Obama, Boehner revisit the sunset provision on the Bush tax cuts
By Lori Montgomery
The battle over the Bush tax cuts moved to the Oval Office on Tuesday morning.
In a meeting with congressional leaders from both parties, President Obama reiterated his intention to ditch the portion of the cuts that benefit the wealthy when they expire in January, saying the country can't afford them.
House Minority Leader John A. Boehner (R-Ohio) fired back that raising taxes on high earners means kicking many small businesses when they're trying to recover from the recession.
Aides in both parties said that Obama maintained his focus on the deficit, pointing out that the tax cuts, enacted in 2001 and expanded in 2003, were written in such a way to leave the next administration dealing with the thorny question of whether to extend them despite their impact on the deficit.
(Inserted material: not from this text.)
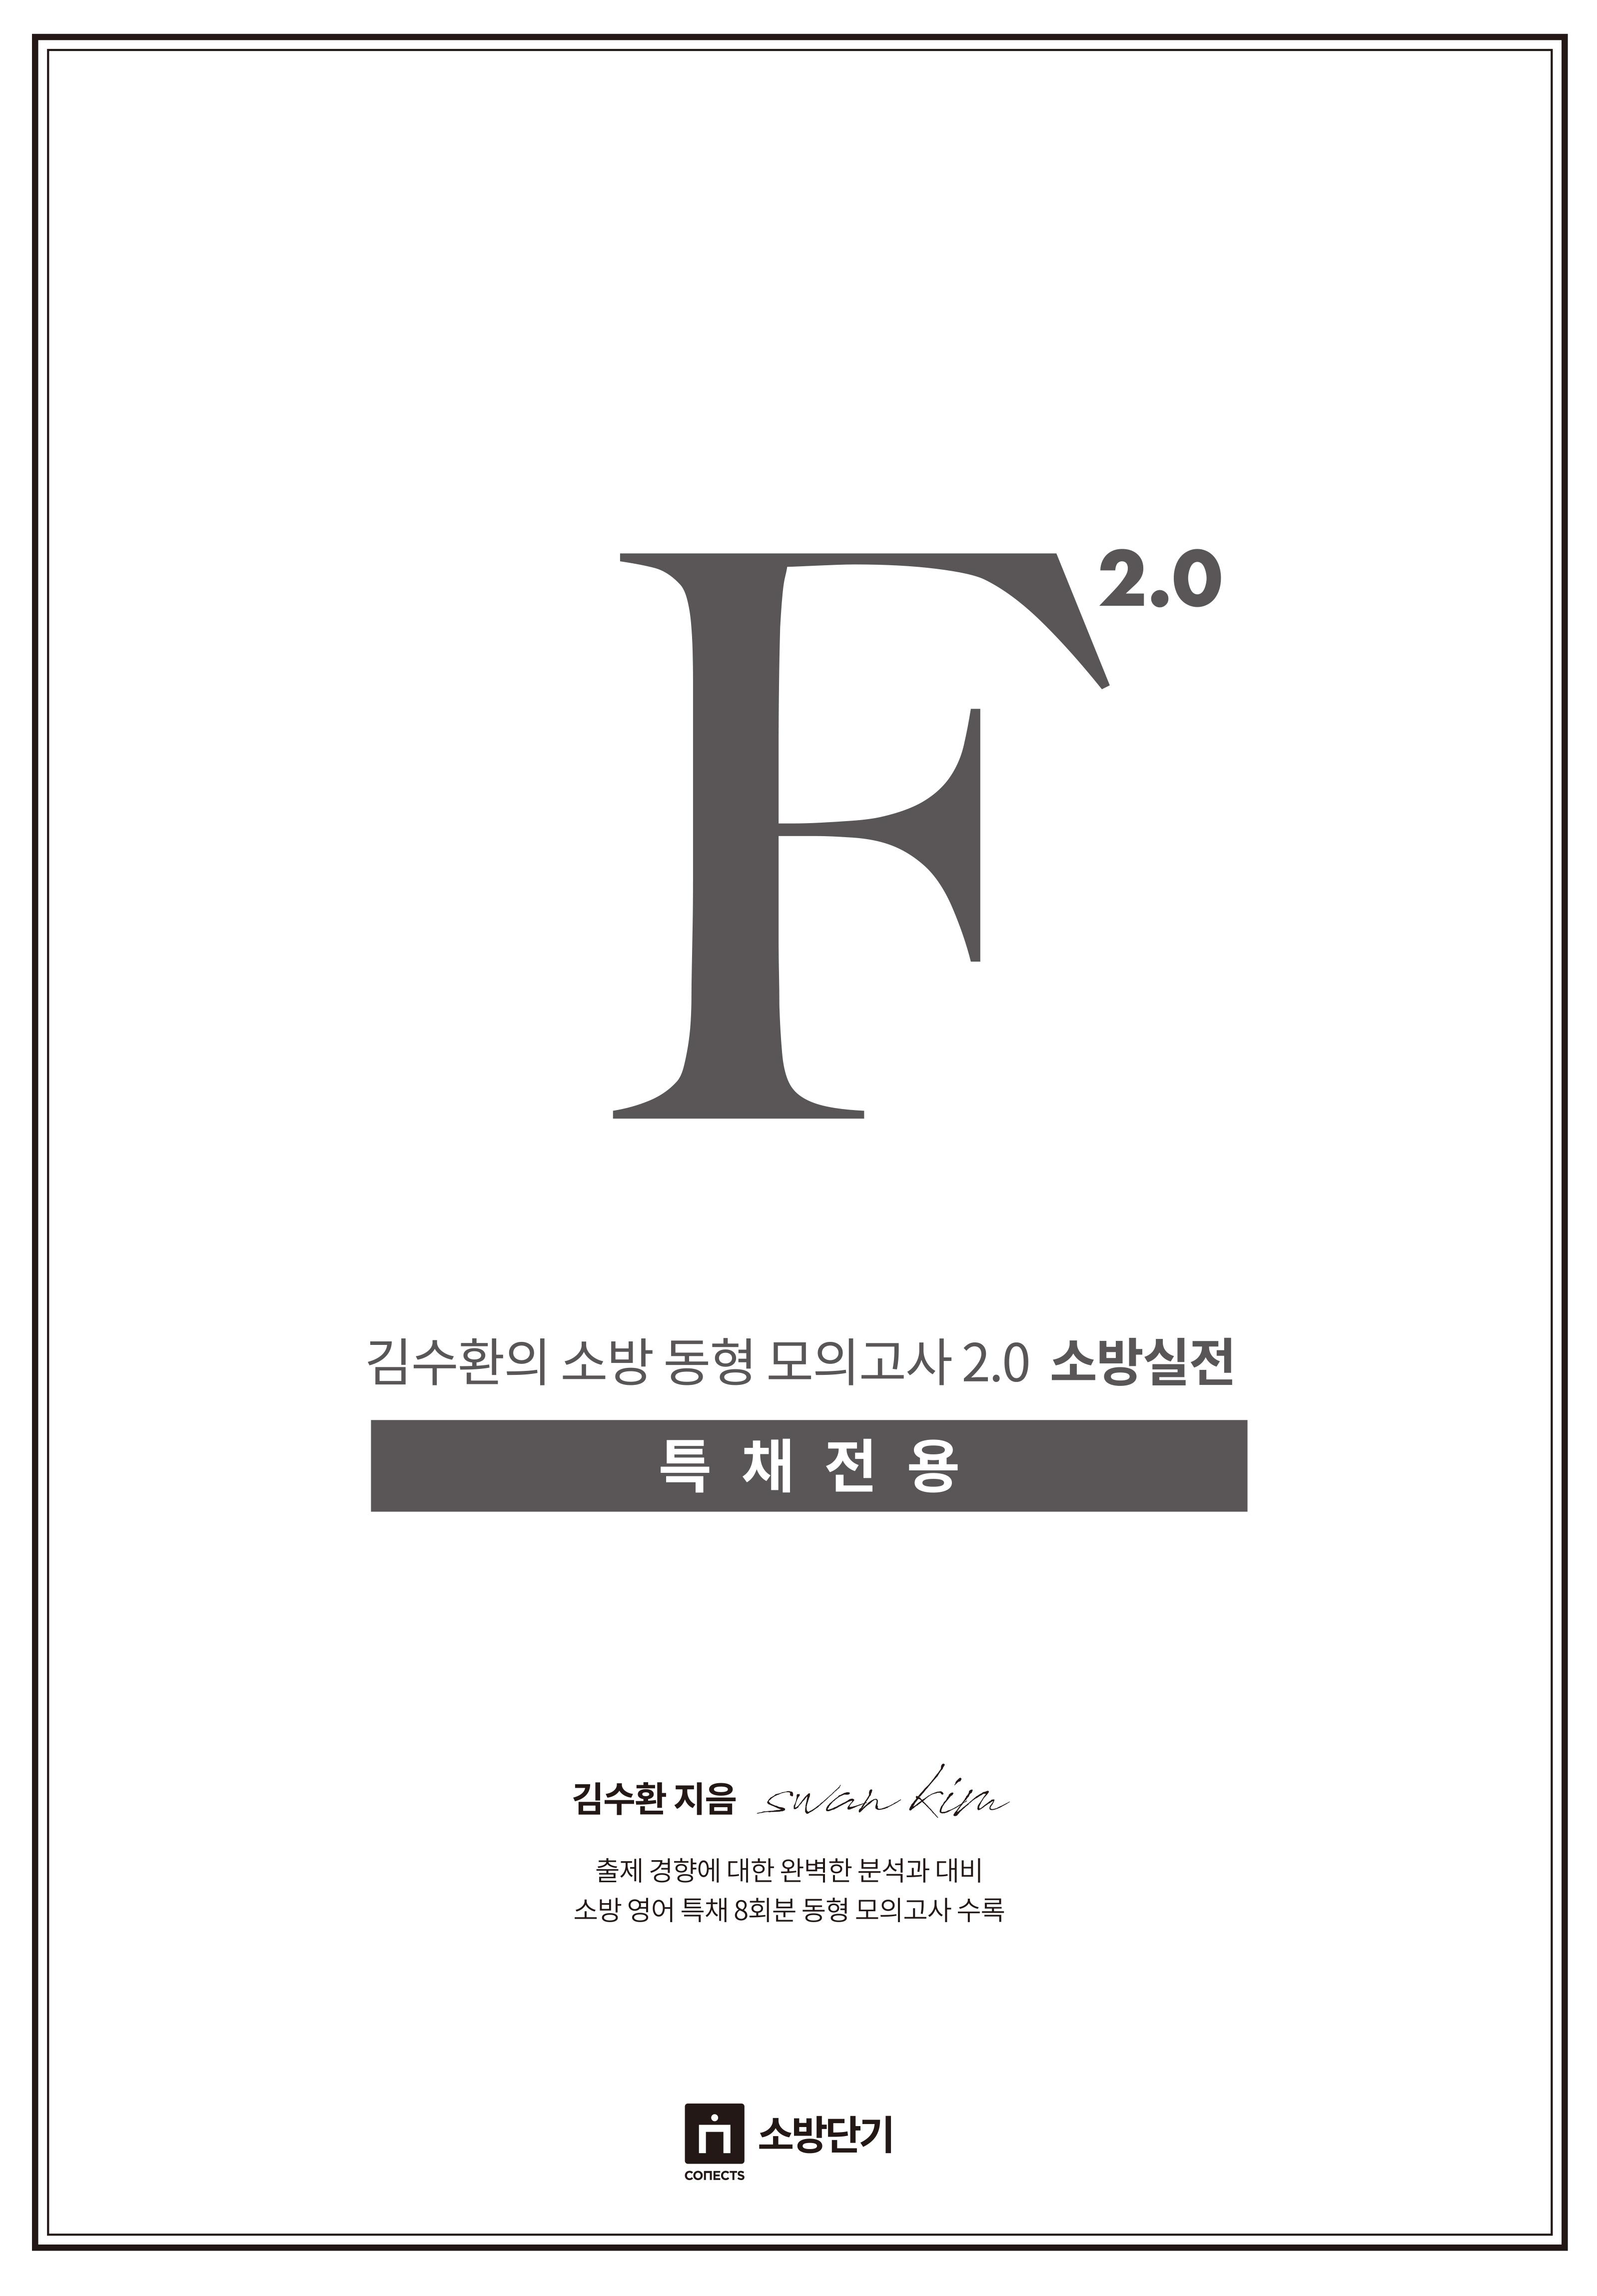 김수환의 소방 동형모의고사 F 2.0 소방실전 [특채전용]
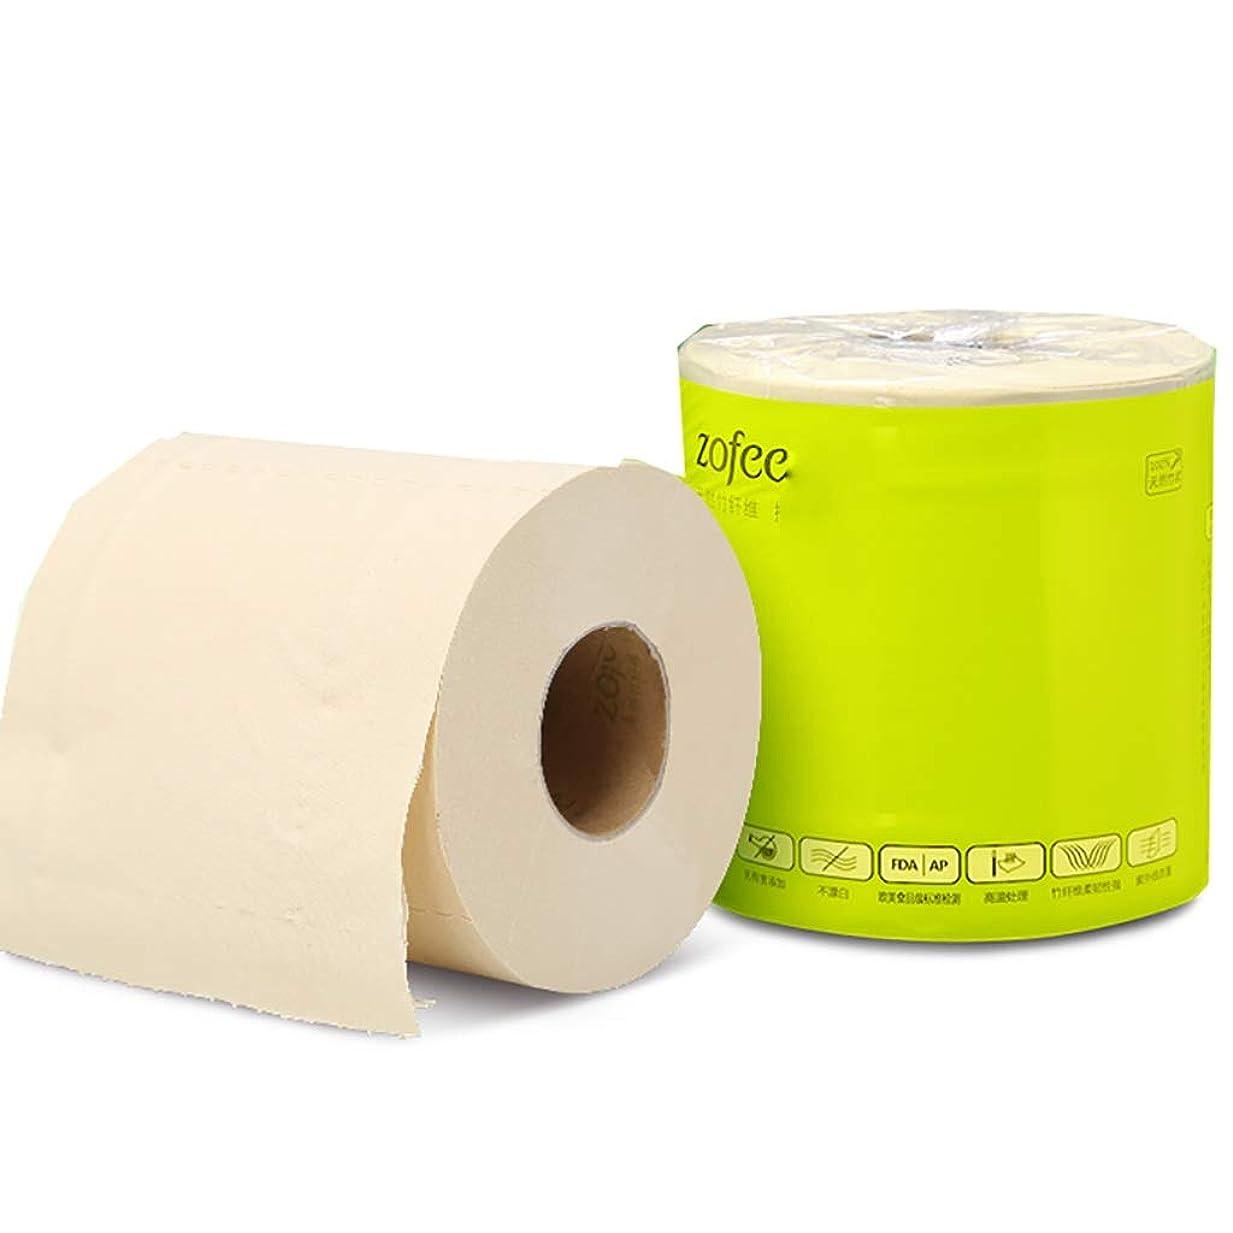 タール請願者付き添い人家庭用経済トイレットペーパー - 無香料竹繊維、3層、27ロール

Boehner responded: "I wasn't there. I didn't structure that deal."
There followed a momentary silence. Boehner has been in Congress since 1991.
"How long have you been here?" someone asked. And the room burst into laughter.
Democratic aides accused Boehner of trying to deflect blame for the tax cuts, which are projected to add a total of nearly $3 trillion to deficits over the next decade. But a senior Republican aide said Boehner merely meant that he was not in House leadership during the negotiations. If he had been, the aide said, Boehner would have insisted that the cuts be made permanent.
The cuts were written to expire to allow the bill to pass Congress under fast-track budget rules, known as reconciliation, and avoid a filibuster in the Senate. Just like the final piece of Obama's health care overhaul, the tax cuts needed only 50 votes to win Senate approval, instead of the 60 required to shut down a filibuster.
Under reconciliation, legislation may not increase the deficit beyond a 10-year "budget window." Because the tax cuts would have increased the deficit, Republicans had to write them to expire in 2011.
Bill Thomas, the former GOP Ways and Means chairman who led negotiations over the legislation, said House Republicans indeed wanted to make the tax cuts permanent, but that the sunset provision had to be added to get them through the Senate.
"We didn't write them to expire in 10 years because we were worried about huge deficits. We wrote them that way because it was the only way to make law," Thomas said.